Пастернак жаждал точного знания о словах Рильке; он даже обиделся на отца, что тот не процитировал его полностью и целиком; позже сестра перепишет и перешлет ему подлинную фразу Рильке.
...
"Весь мой "историзм", тяга к актуальности и все вообще диспозиции разлетелись вдребезги от сообщенья Rilke и Марининой поэмы. Это как если бы рубашка лопнула от подъема сердца. Я сейчас совсем как шальной, кругом щепки, и родное мне существует на свете, и какое!"
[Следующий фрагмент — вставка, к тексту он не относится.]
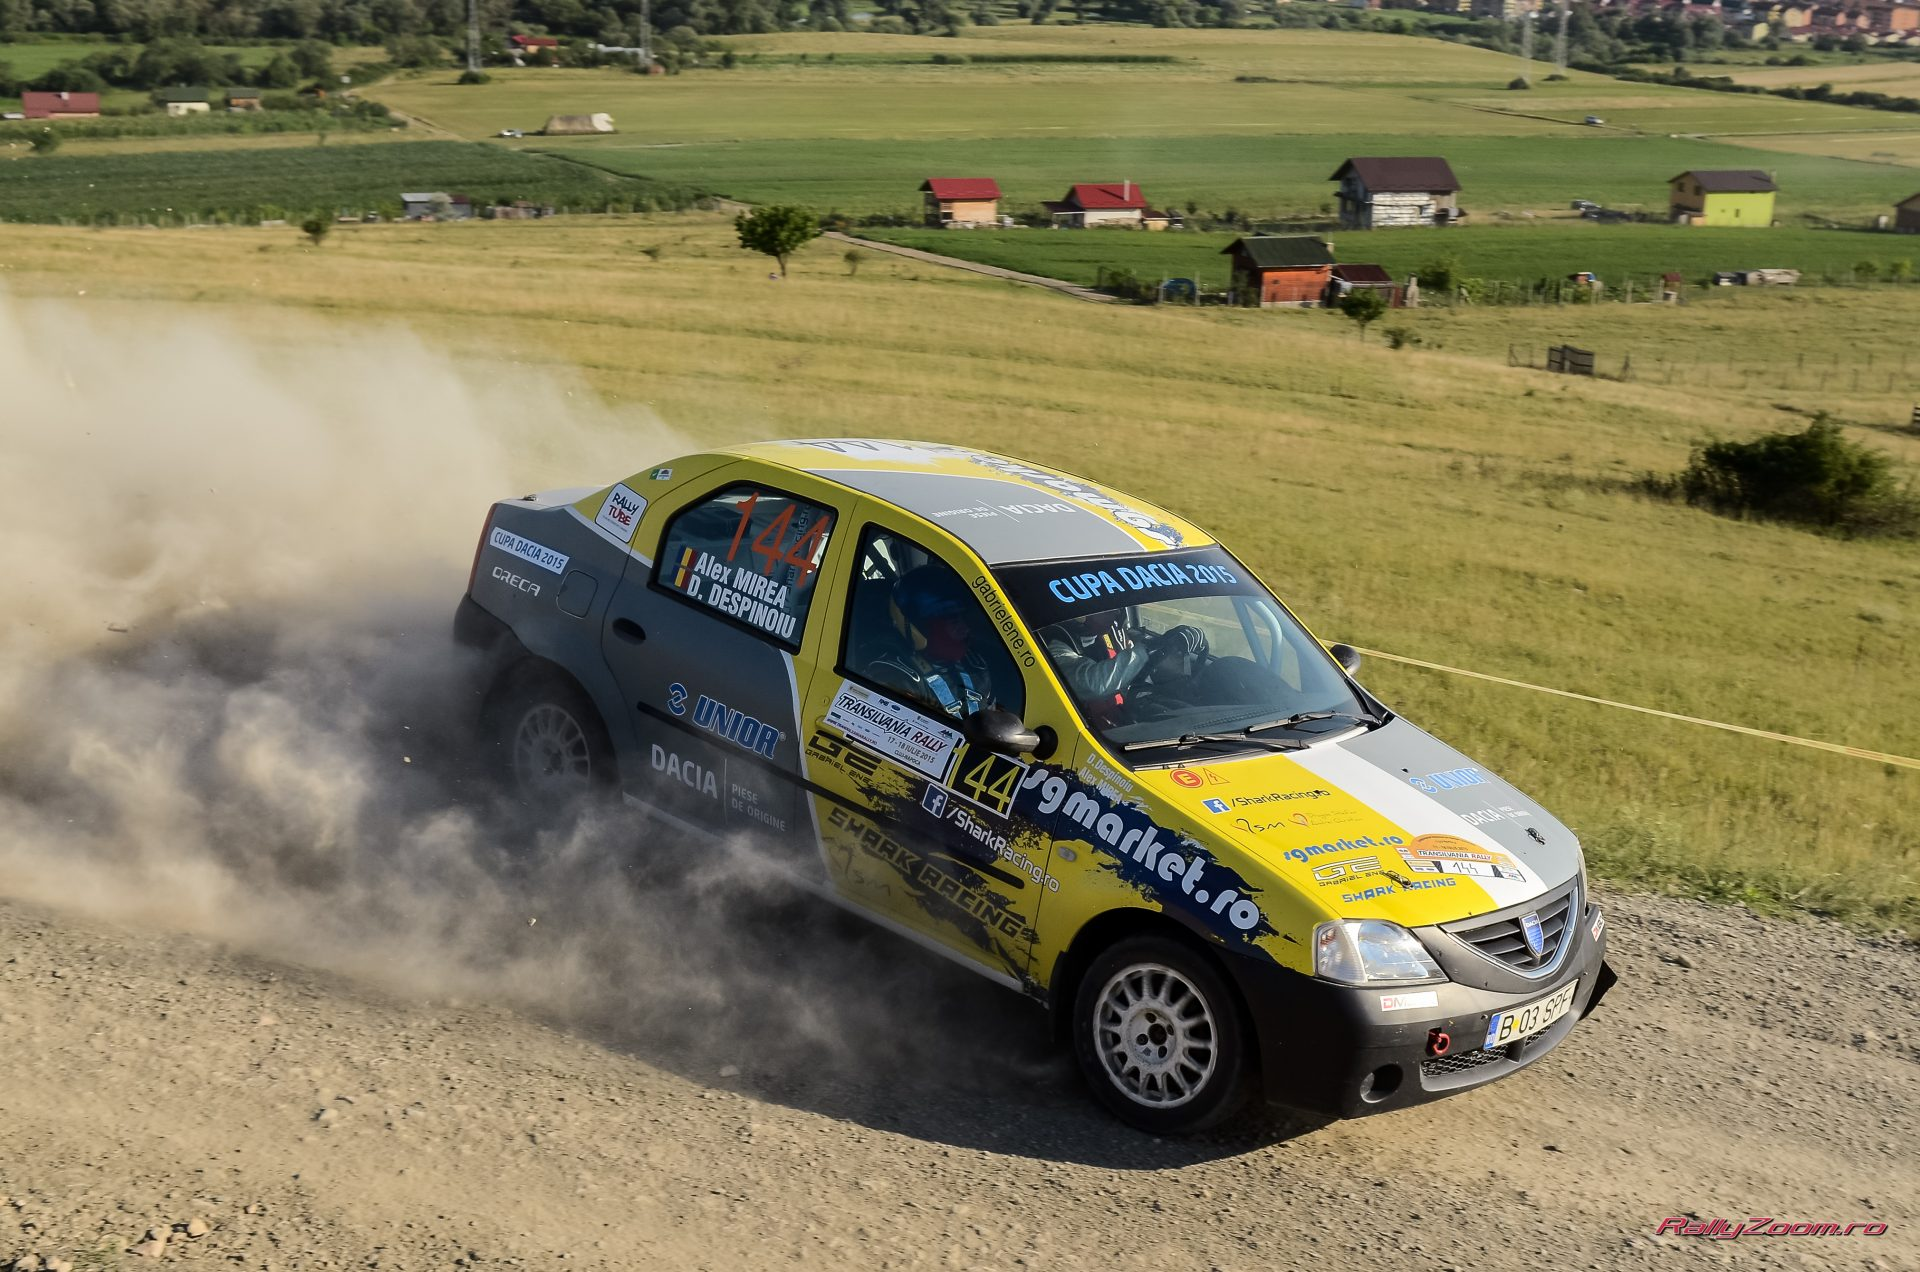 Cupa DACIA 2015 ? Victorie pentru Alex Mirea in etapa a 5-a Transilvania Rally

(Жозефине, 28 марта 1926 г.).
В это же утро, перед получением письма, Пастернак читал "Поэму конца" Цветаевой. Совпадение его поразило.
Цветаева заряжала его своей энергией. И – независимостью. Она его понимала. Он ее – полюбил; на расстоянии, как бы заочно, по переписке, но со всей пылкостью очного присутствия души.
25 марта 1926 года он написал Цветаевой уже более чем восторженно:
...
"Сильнейшая любовь, на какую я способен, только часть моего чувства к тебе".
Вспомним: уже в Берлине Цветаева прочитала "Сестру мою жизнь", полученную вместе с письмом. Открыв внешне неприглядную, бедную книгу, всю в подтеках типографской краски, она, как призналась потом, уже ее не закрывала. Статью о поэзии Пастернака – "Световой ливень" – первую в своей жизни статью, Цветаева написала в три дня. Отправила редактору "Новой русской книги" Алексею Ященко с припиской, что сократить не сможет ни слова. Эта статья была для нее равносуща стихам.
Когда Пастернак приезжал в Берлин, одним из первых его движений было – к Цветаевой. Однако незадолго до того она уехала в Прагу. Он послал ей в Прагу письмо, полное разочарования: "Я был очень огорчен и обескуражен, не застав Вас в Берлине". Цветаева отвечала: "Вы – первый поэт, которого я за жизнь – вижу", "не уезжайте в Россию, не повидавшись со мной".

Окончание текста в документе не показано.